→ **WORK ITEM**:
Only the pictures should be left out; repeat the rest of the data exactly.

→ **DATA SEGMENT**:
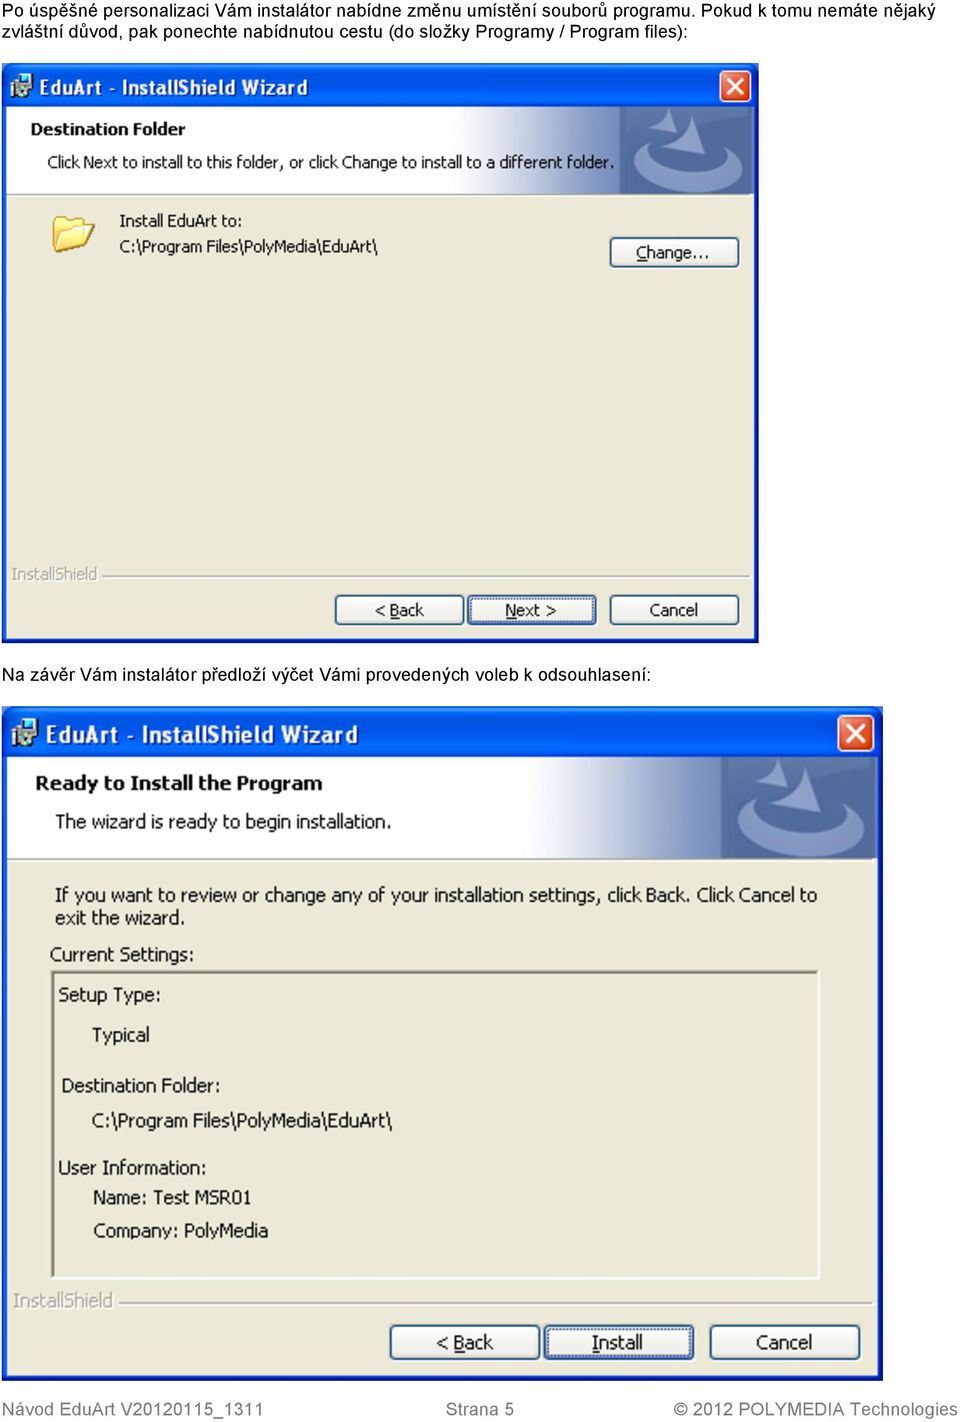 složky Programy / Program files): Na závěr Vám instalátor předloží výčet Vámi
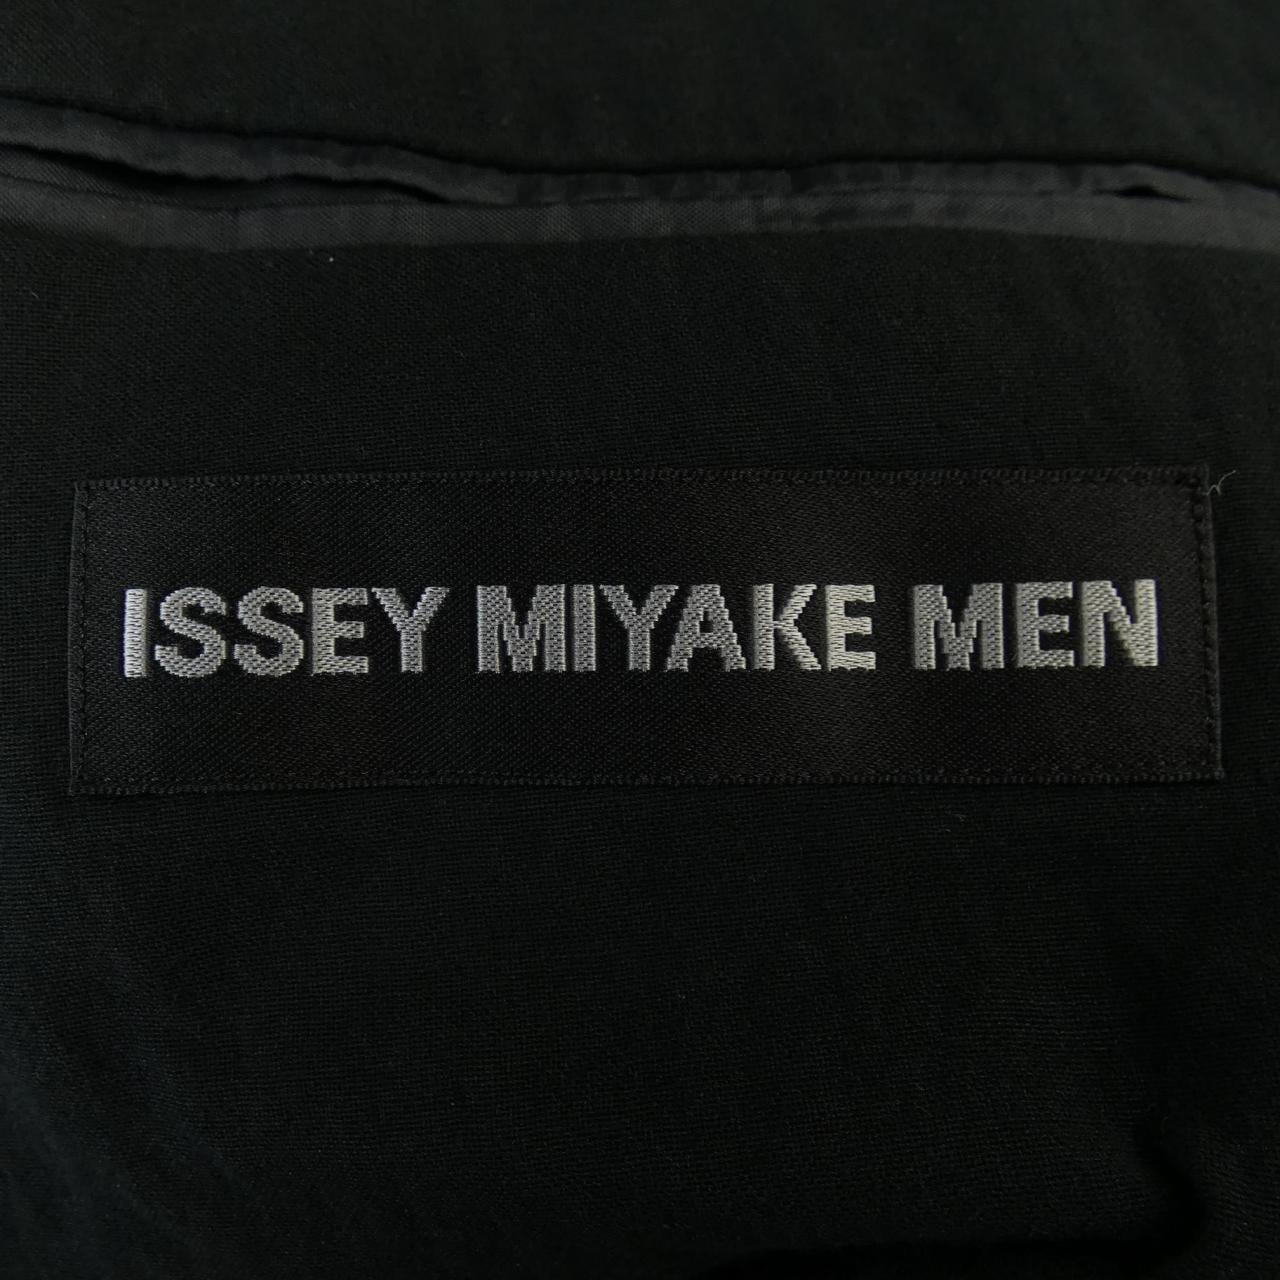 ISSEY MIYAKE MEN jacket
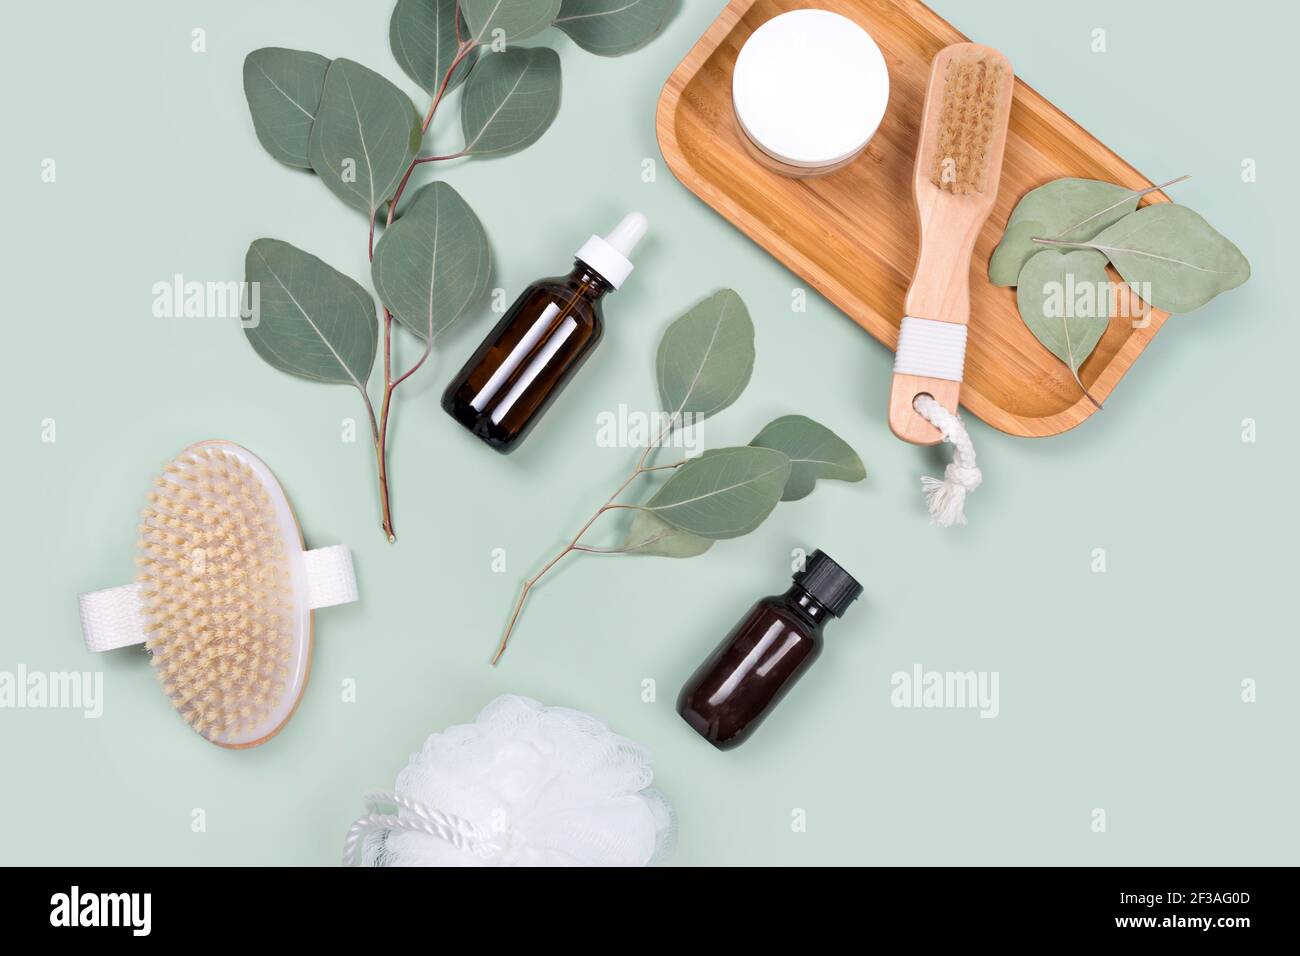 Ätherische Öle, Gesichtscreme-Behälter und Massagebürsten mit natürlichen  Eukalyptusblättern auf grünem Hintergrund. Beauty-Produkte, Massage-Tools,  Gesichtsbehandlung Stockfotografie - Alamy

→ **PROBLEM SOLUTION**:
 složky Programy / Program files): Na závěr Vám instalátor předloží výčet Vámi
 ISSEY MIYAKE MEN jacket
 Ätherische Öle, Gesichtscreme-Behälter und Massagebürsten mit natürlichen  Eukalyptusblättern auf grünem Hintergrund. Beauty-Produkte, Massage-Tools,  Gesichtsbehandlung Stockfotografie - Alamy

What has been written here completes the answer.